I have just mentioned that the export sector has been badly affected by the global economic
recession. Another problem is that things are not getting better in other countries. India
received a lot of money in foreign exchange through the remittance sent by NRIs. Weaker
global economy means that there will be fewer opportunities to work in other countries. In
India too, big companies are trying to cut their expenses and they are a bit reluctant to go for
any expansion activities.
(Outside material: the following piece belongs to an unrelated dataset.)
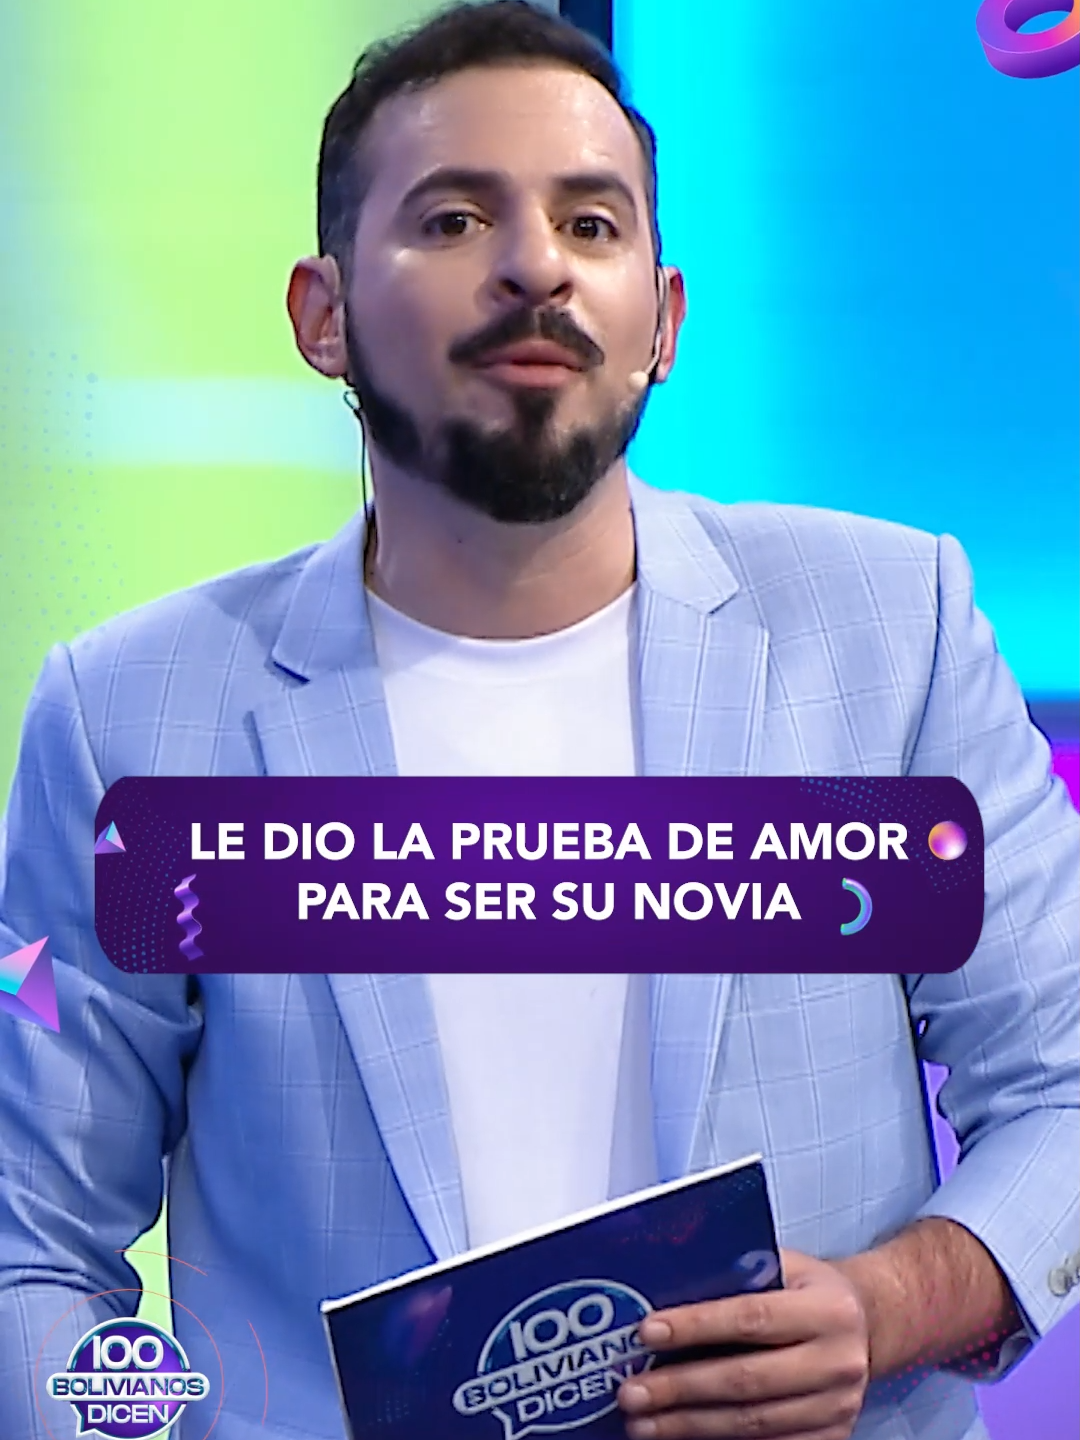 La nueva prueba de amor 😱 #100BolivianosDicen #Entretenimiento #Humor #HistoriasPorContar #DiversiónGarantizada
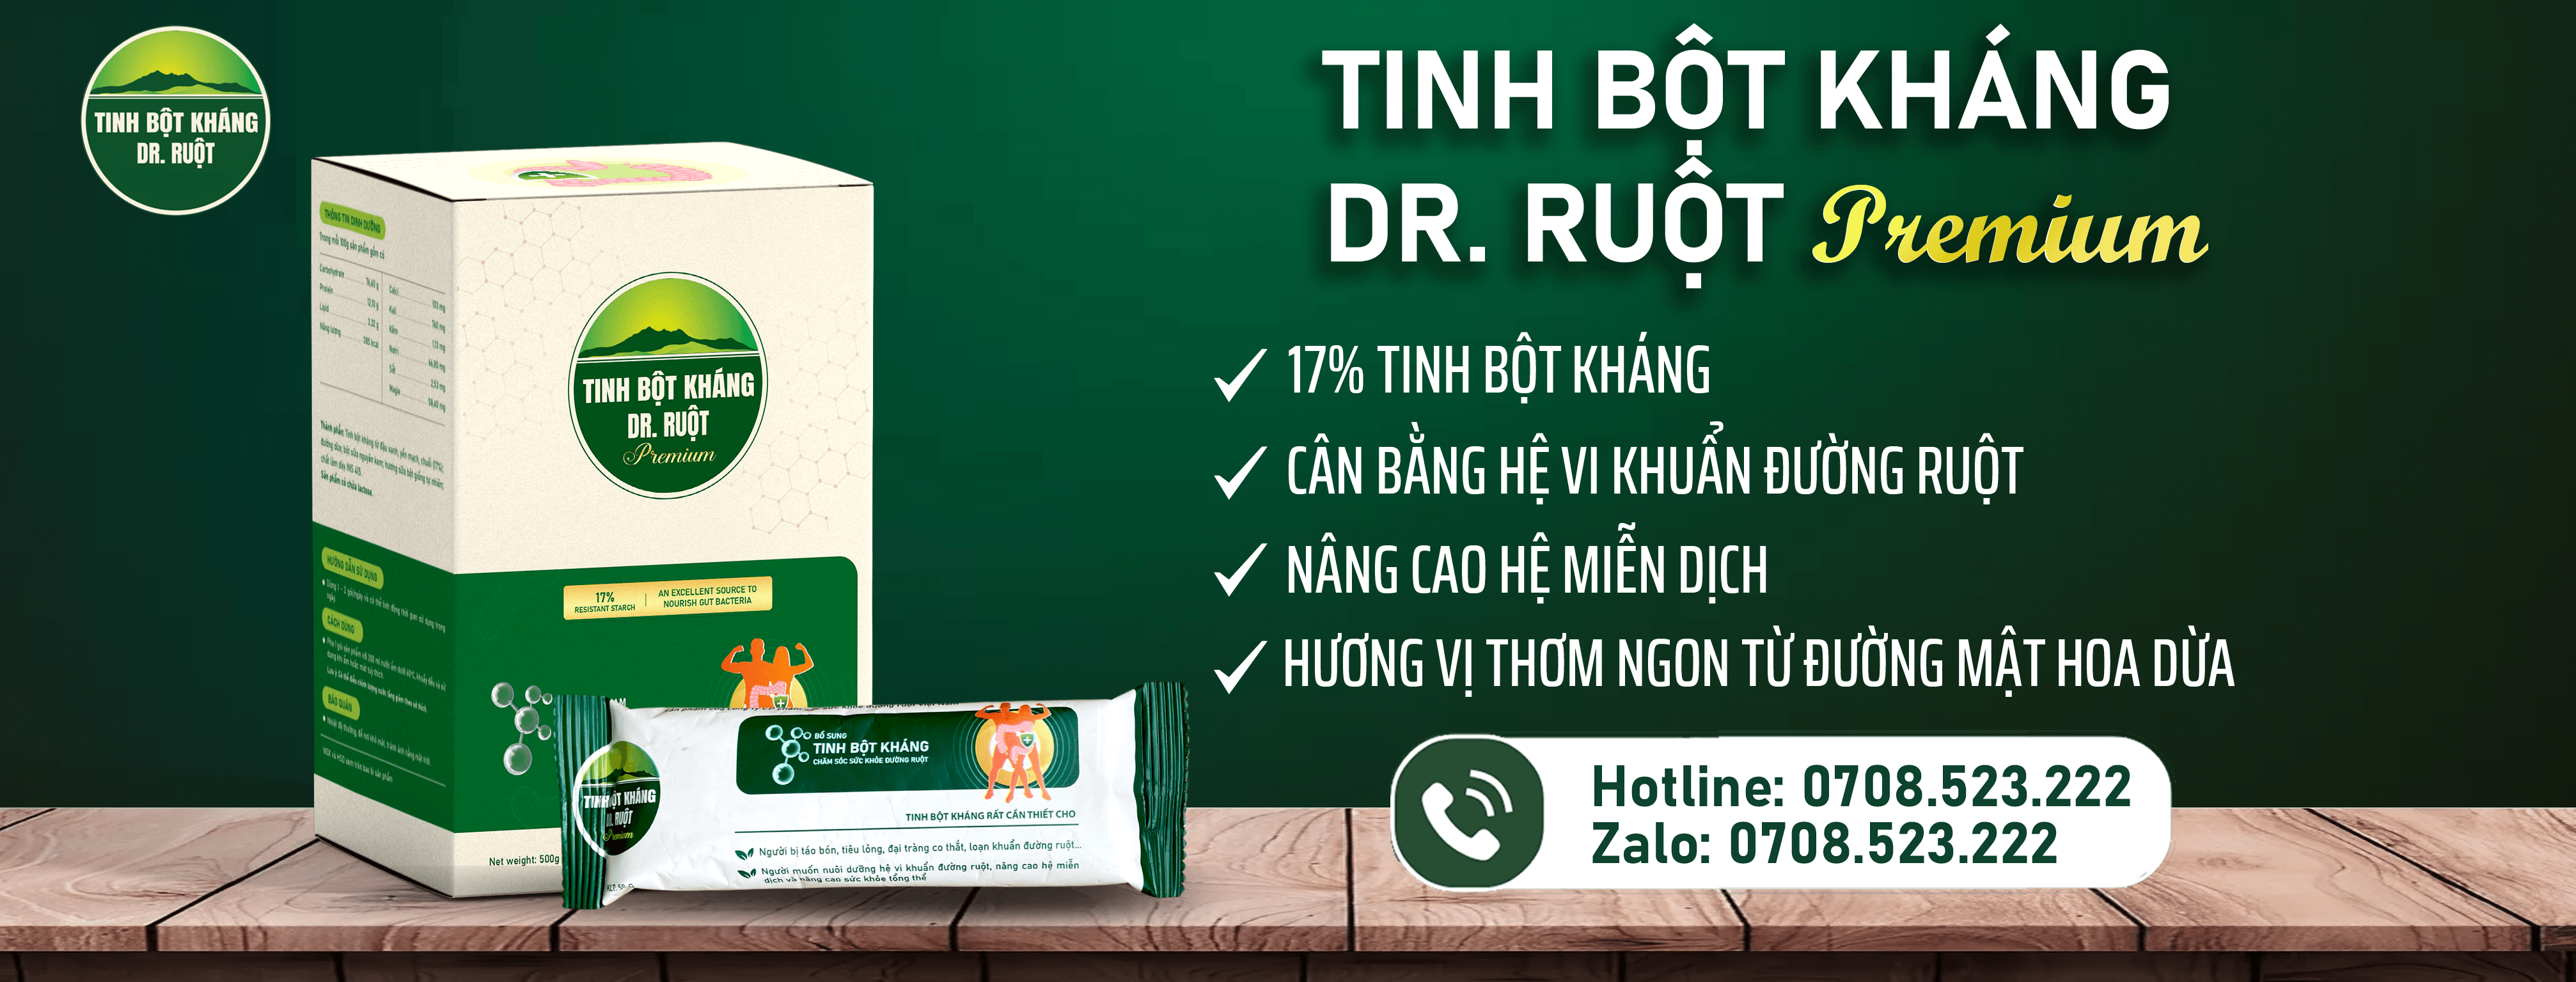 Tinh bột kháng - Dr.Ruột Premium

I remember that in 2007 and in the first few months of 2008, we saw
a lot of reports about the expansion of Indian companies like Tata in other countries
The Economic Boom is over?
A very bad news for Indian highly educated job seekers is that
Indias own economic boom is coming to a halt. Yes, I clearly remember that in 2006 and
2007, many people used to think that it was just a matter of time that Indian economy
achieved double digit growth. Many observers like me, used to say that the high economic
growth would continue for a long time in India. However, now days, hardly anyone I the
country is concerned about high economic growth.
Future Looks Bleak
In January 2009, around 80,000 jobs were lost in US tech companies. Indian companies
became specialized in serving US tech companies through outsourcing. That means that any
significant fall of revenue among large US companies like Microsoft can cost many jobs in
India. An interesting report: Lose Your Job at IBM? Reclaim It In India . IBM has offered its
US workers they could go to India if they liked and take up jobs in IBM India under local
salary and local terms and conditions. This may bring more anxiety for fresh graduates in
India as if some American workers really come to India for doing jobs then; it will result in
having fewer opportunities for Indian students.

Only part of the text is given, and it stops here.